Here’s a lovely account of Red Pine meeting one of the women masters:

“One of the nuns at Lungwang Temple told us that Yuan-chao was living in an adobe hut on a small plateau that had been leveled off…. We followed the nun up the slope to Yuan-chao’s hut. She was sitting cross-legged on her k’ang, an adobe bed with a built-in oven….(!) As I walked in, she said, ‘You’re back. Good. Now we can talk. Last time I wasn’t sure. Now I know you’ve come back for the Dharma.’ I was glad I had made the effort to visit her again. She was eighty­-eight, but I’ve seldom talked with anyone as alert…. From my bag, I took out a sheet of calligraphy paper and asked if she would write down for me the essence of Buddhist practice. She put the paper aside, and I didn’t raise the subject again. Two months later, back in Taiwan, I received the sheet of paper in the mail with four words: goodwill, compassion, joy, detachment. Her calligraphy was as strong and clear as her mind.”

 

Red Pine tells us about Empty Cloud (love that name!), probably the most respected monk in modern Chinese history. He died in 1959 at the age of 120 during the period of repression. He lived in deep solitude in a very remote area of these mountains. But his reputation spread far and wide.

 

Then there’s this marvelous concluding account. Red Pine has returned to the big city of Xian and is visiting this obscure temple:

“The metal gate creaked. The front courtyard was deserted…. The temple buildings were old and in such sorry repair, I almost turned back. Past the inner courtyard, I went inside the main shrine hall. After lighting some incense and paying my respects, I noticed a small stone Buddha. The attendant told me it had been carved at the end of the fifth century. He also pointed out a T’ang dynasty painting of Kuan-yin. Incredible treasures for such a dilapidated temple. Just as I was leaving, several monks appeared at the door.

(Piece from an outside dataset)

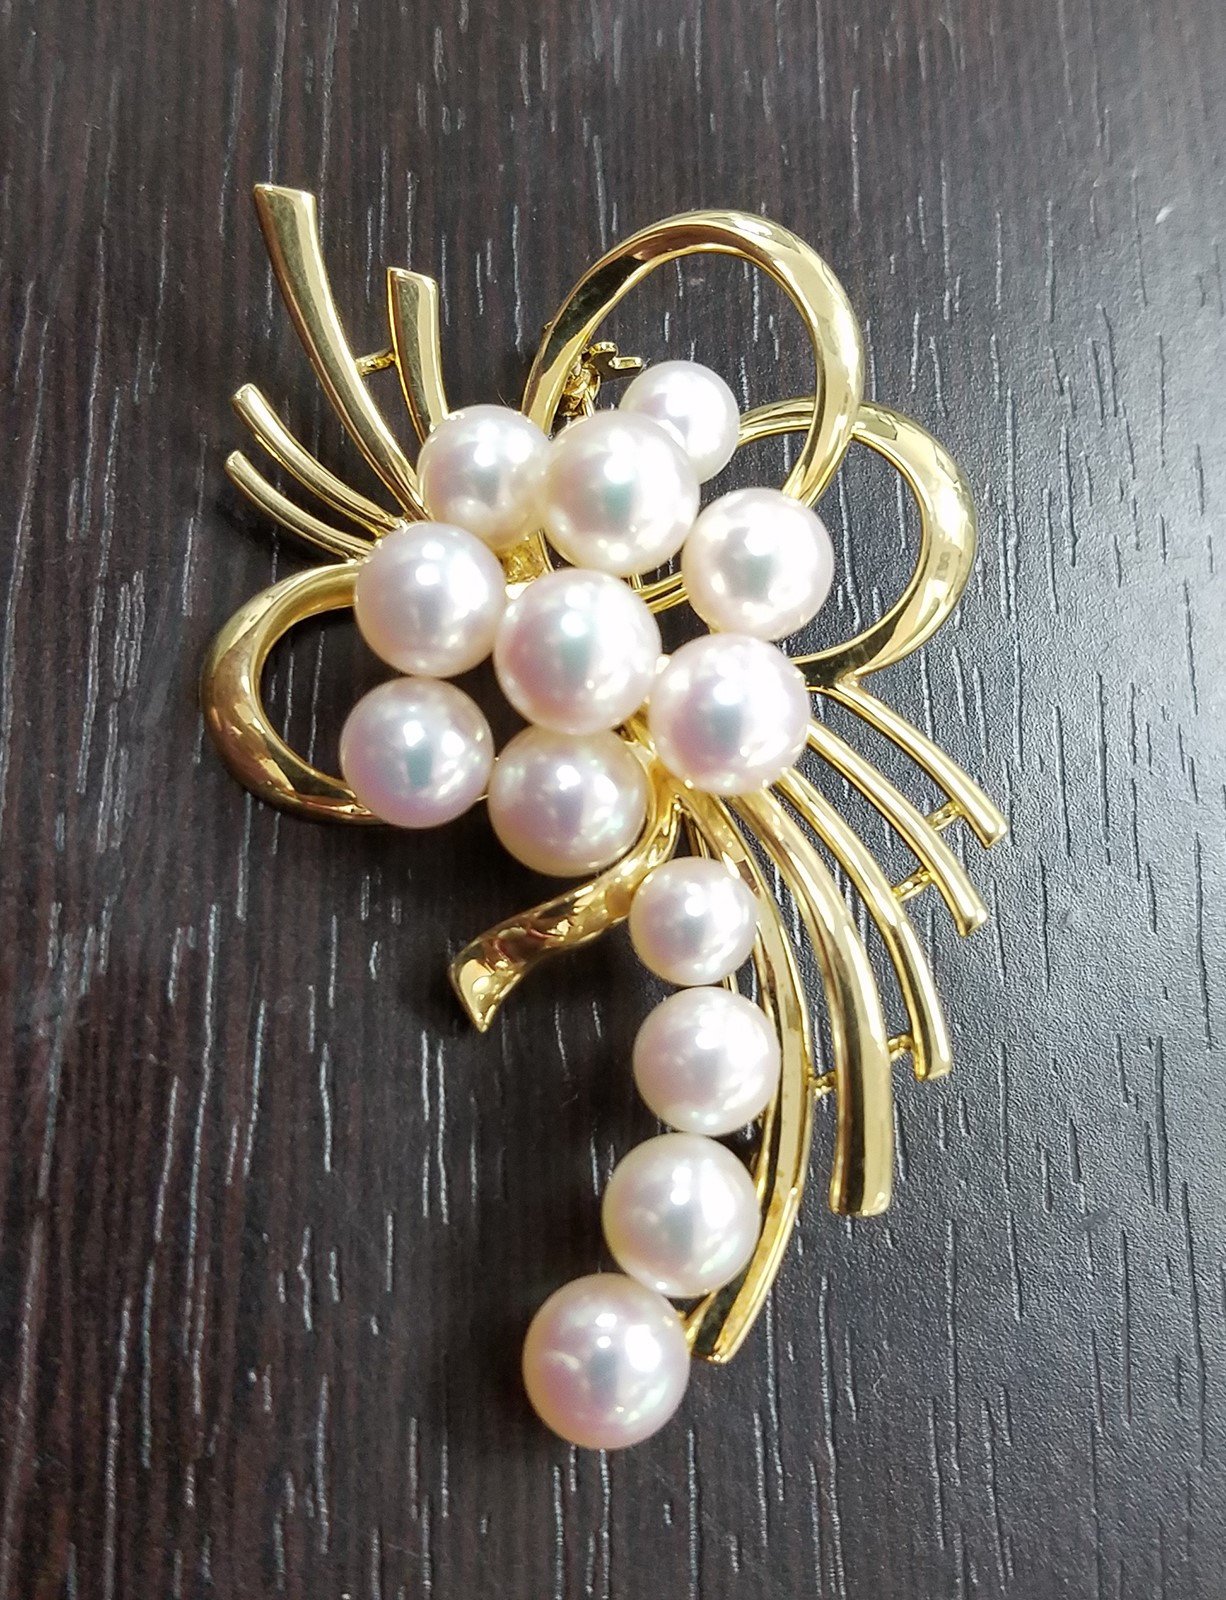 Mikimoto cultured Akoya pink tone pearl brooch / pin In 18k yellow gold

When they asked me what I was doing, I told them I was visiting hermits. They laughed. One of them said, ‘Then you have come to the right place. We’re all hermits here.’ I couldn’t help but laugh too. The monk’s name was Ju-ch’eng. He was obviously the abbot, though he denied it–he said he was too dumb to be an abbot. Then he explained that Wolung Temple refused to have an official abbot. He said, ‘If we choose an abbot, he has to be approved by the government. We prefer to be left alone. That’s why we don’t fix up the temple. The government has offered us money to repair the buildings. But this is a Zen temple. We don’t need fancy buildings…. He told me there were fifty monks living at the temple. Two of them were in their eighties…. He said they got up every morning at three and didn’t go to sleep until shortly before midnight. They spent most of their waking hours on their meditation cushions. I asked Ju-ch’eng who their master had been, but I should have known the answer. He said, Empty Cloud. We talked for half an hour about Wolung Temple and about the Chungnan Mountains. The temple, he said, had four seventy-day meditation sessions every year. Then he started listing all the hermits he knew in the mountains. I knew all of them. I smiled and told him this was the first time I had met city hermits. He laughed, and so did I. And then I remembered the Chinese saying: ‘The small hermit lives on a mountain. The great hermit lives in a town.’ Having nothing left to say, I bowed and said good-bye.”